* [DATA BLOCK]:
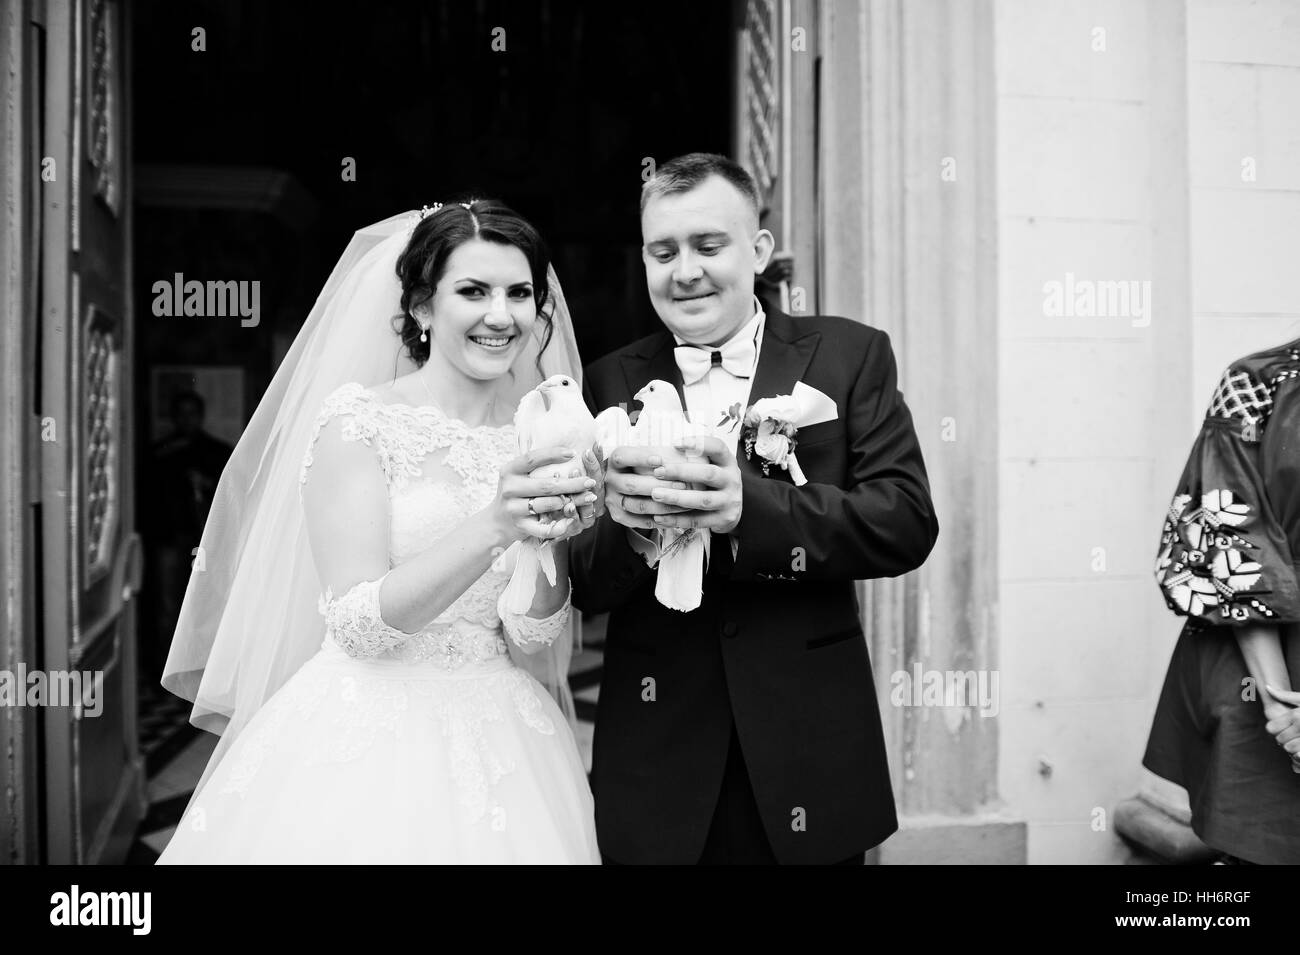 Glücklich lächelte Brautpaar mit Tauben auf Händen nach der Hochzeit Registrierung auf Kirche. Schwarz / weiß Foto Stockfoto
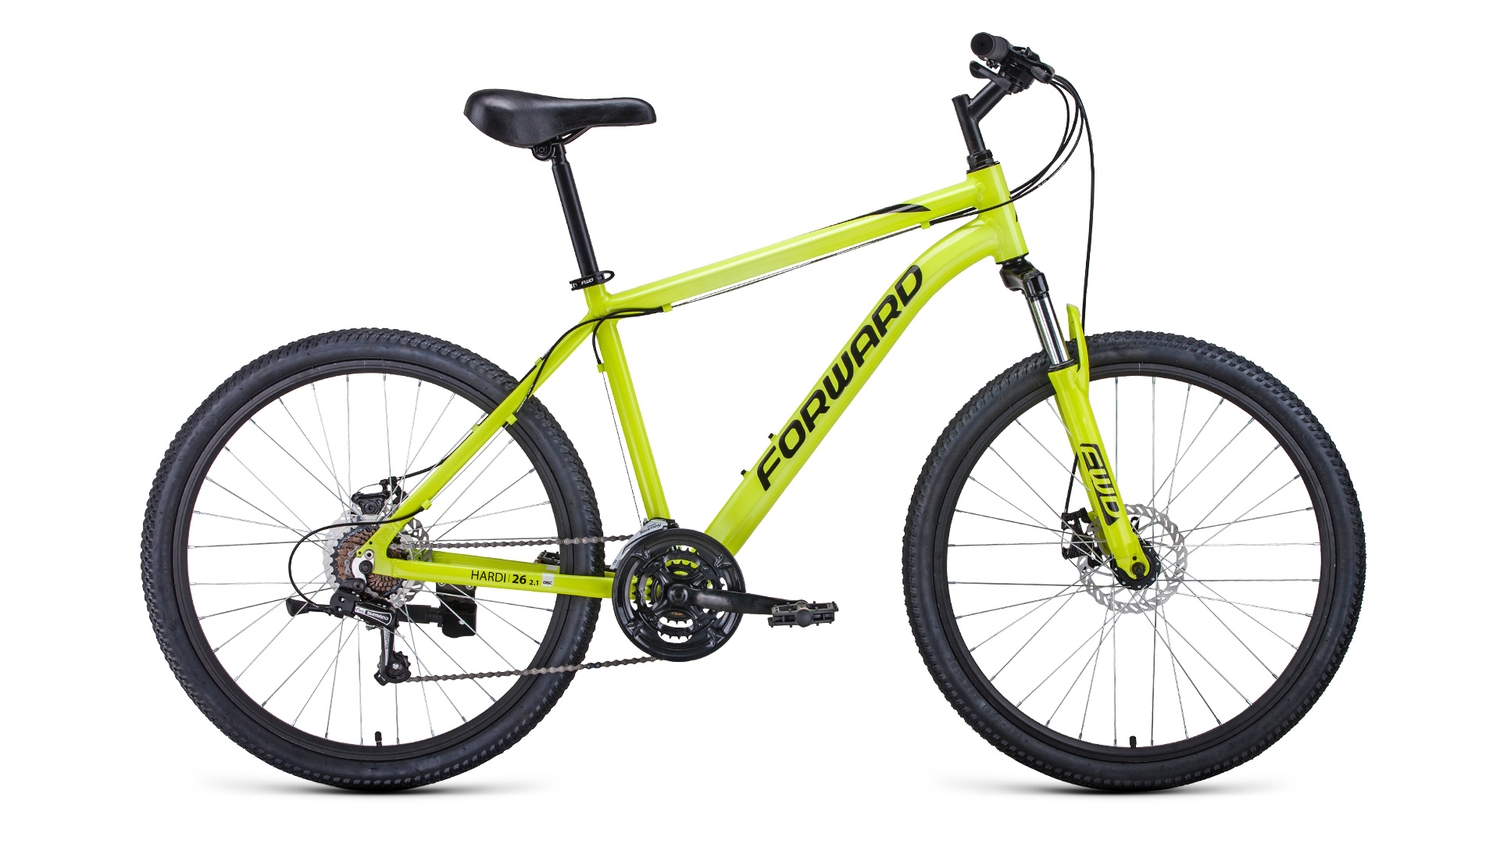 Горный велосипед Forward Hardi 26 2.1 D, год 2022, цвет Синий-Серебристый, ростовка 18
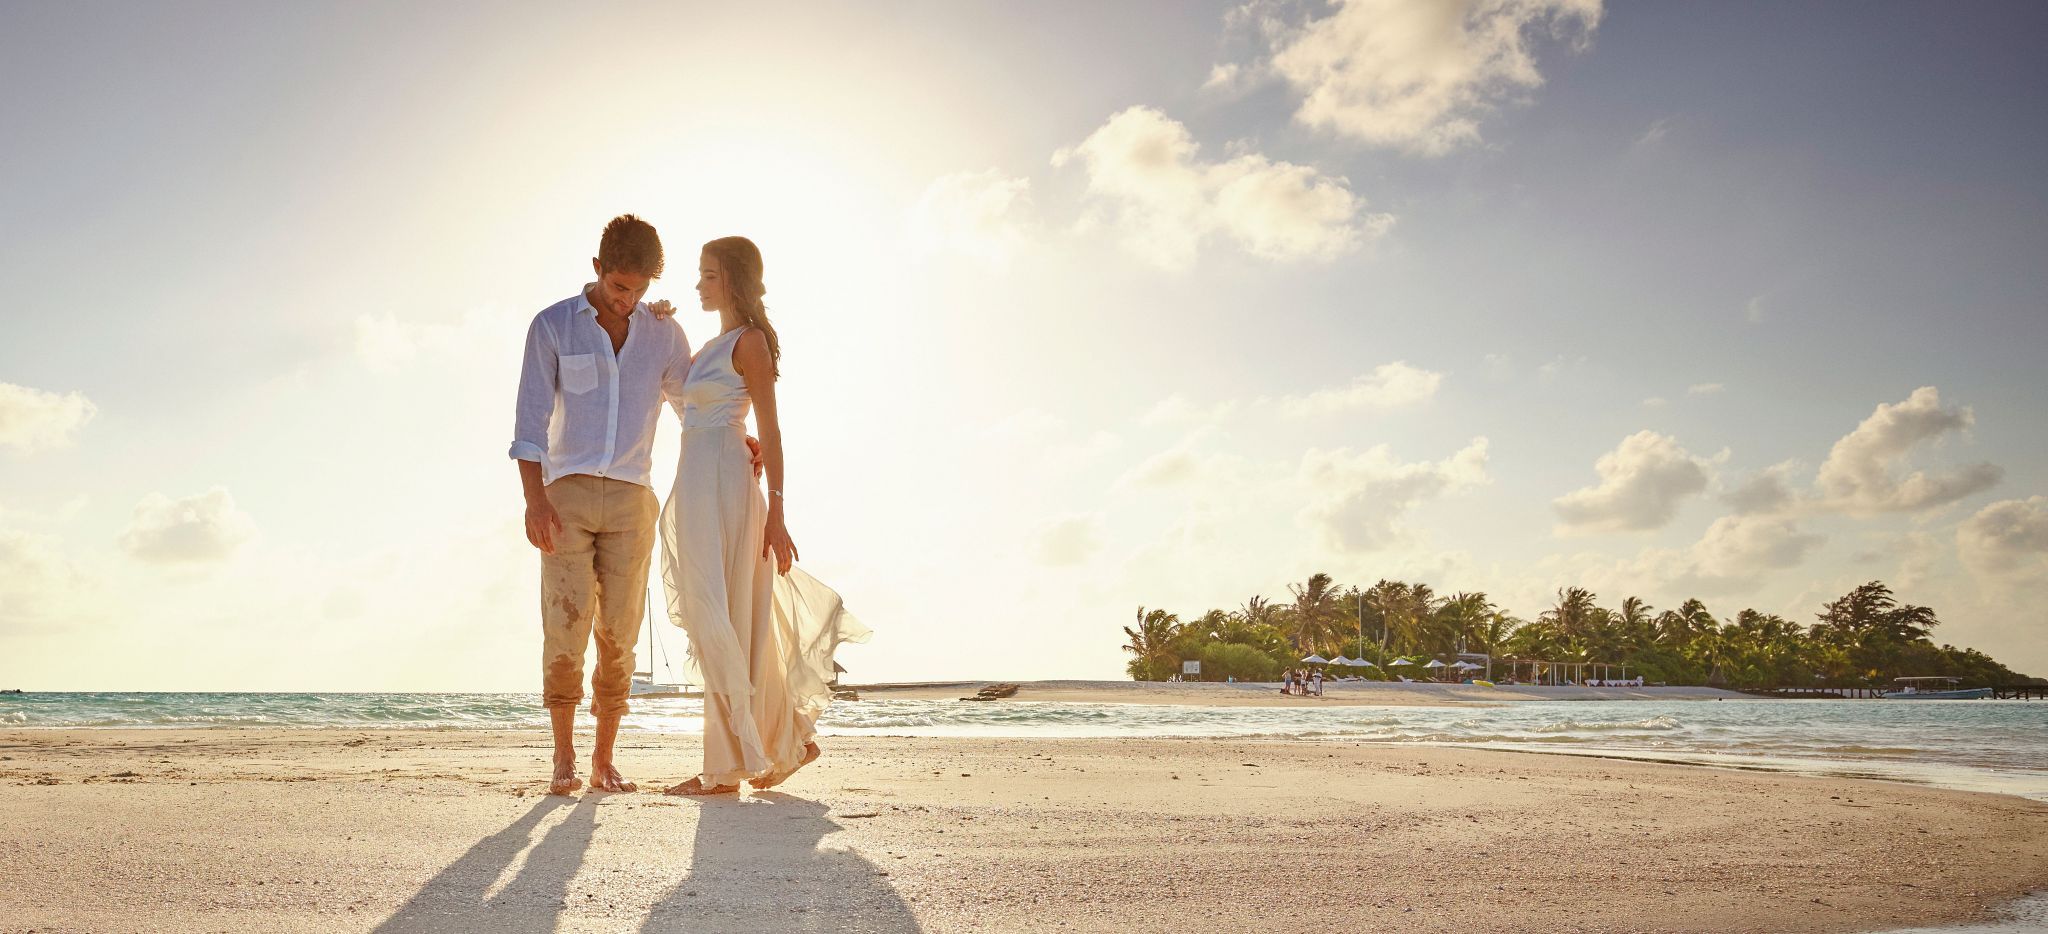 Brautpaar auf Hochzeitsreise vor der Sonne, Malediven
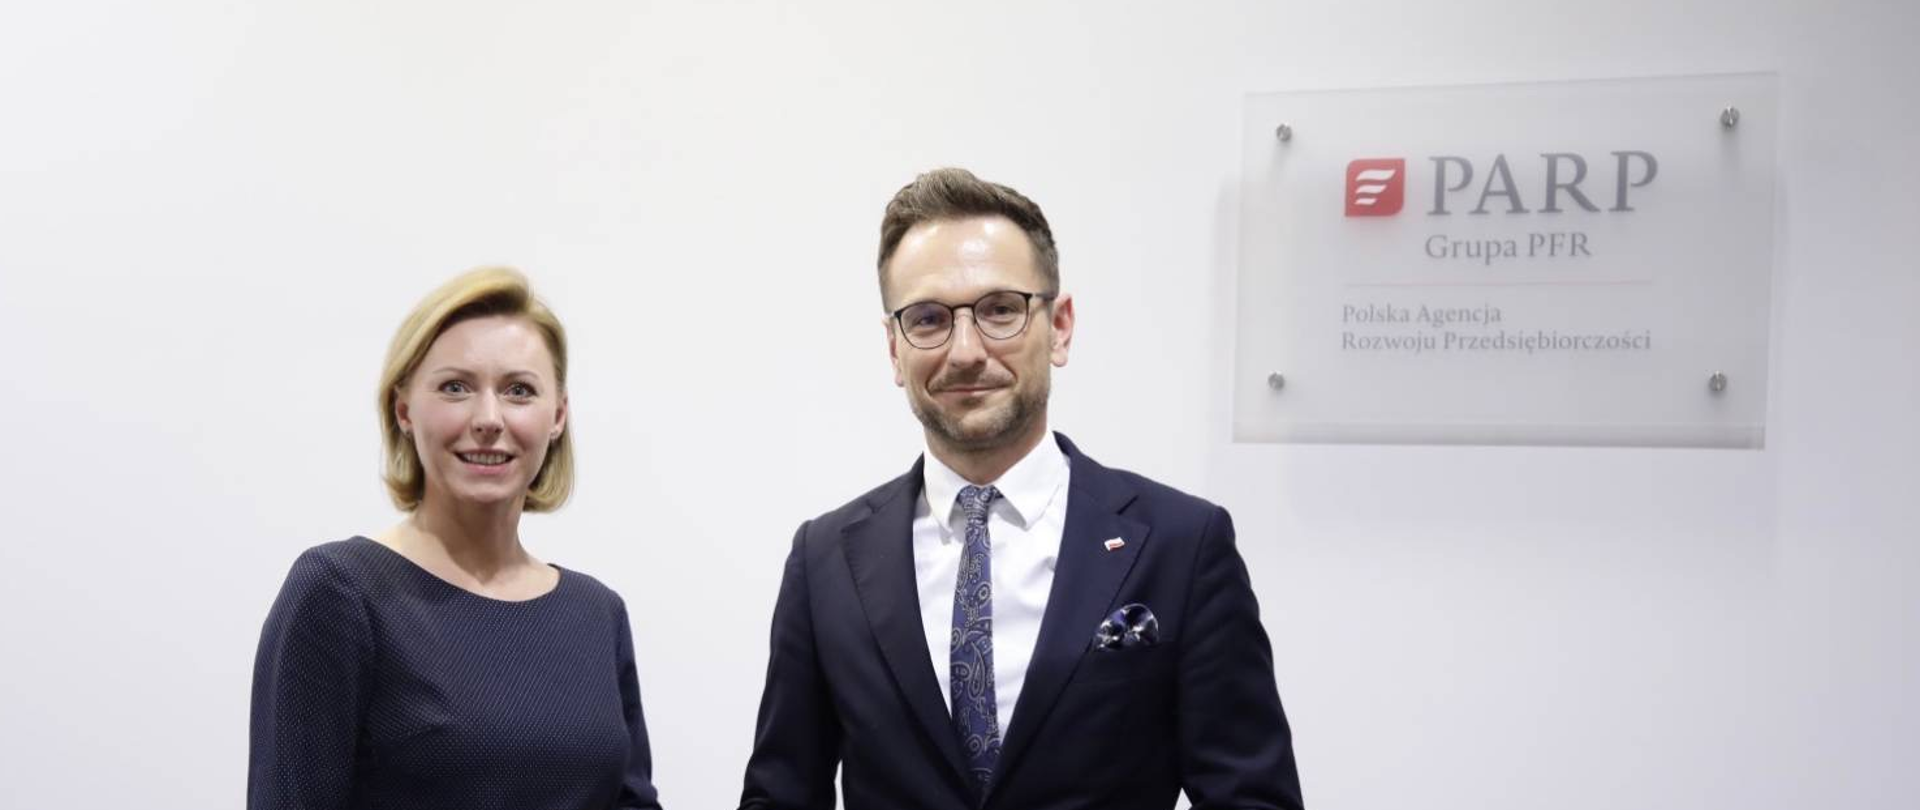 Na zdjęciu widoczne sylwetki ministra Waldemara Budy oraz prezes PARP Poznań Magdaleny Hilszer, obok logo PARP.

* [WHAT IS EXPECTED]: What is needed is a word-for-word copy of the data, minus its pictures.

* [TASK ANSWER]:
 Glücklich lächelte Brautpaar mit Tauben auf Händen nach der Hochzeit Registrierung auf Kirche. Schwarz / weiß Foto Stockfoto
 Горный велосипед Forward Hardi 26 2.1 D, год 2022, цвет Синий-Серебристый, ростовка 18
 Brautpaar auf Hochzeitsreise vor der Sonne, Malediven
 Na zdjęciu widoczne sylwetki ministra Waldemara Budy oraz prezes PARP Poznań Magdaleny Hilszer, obok logo PARP.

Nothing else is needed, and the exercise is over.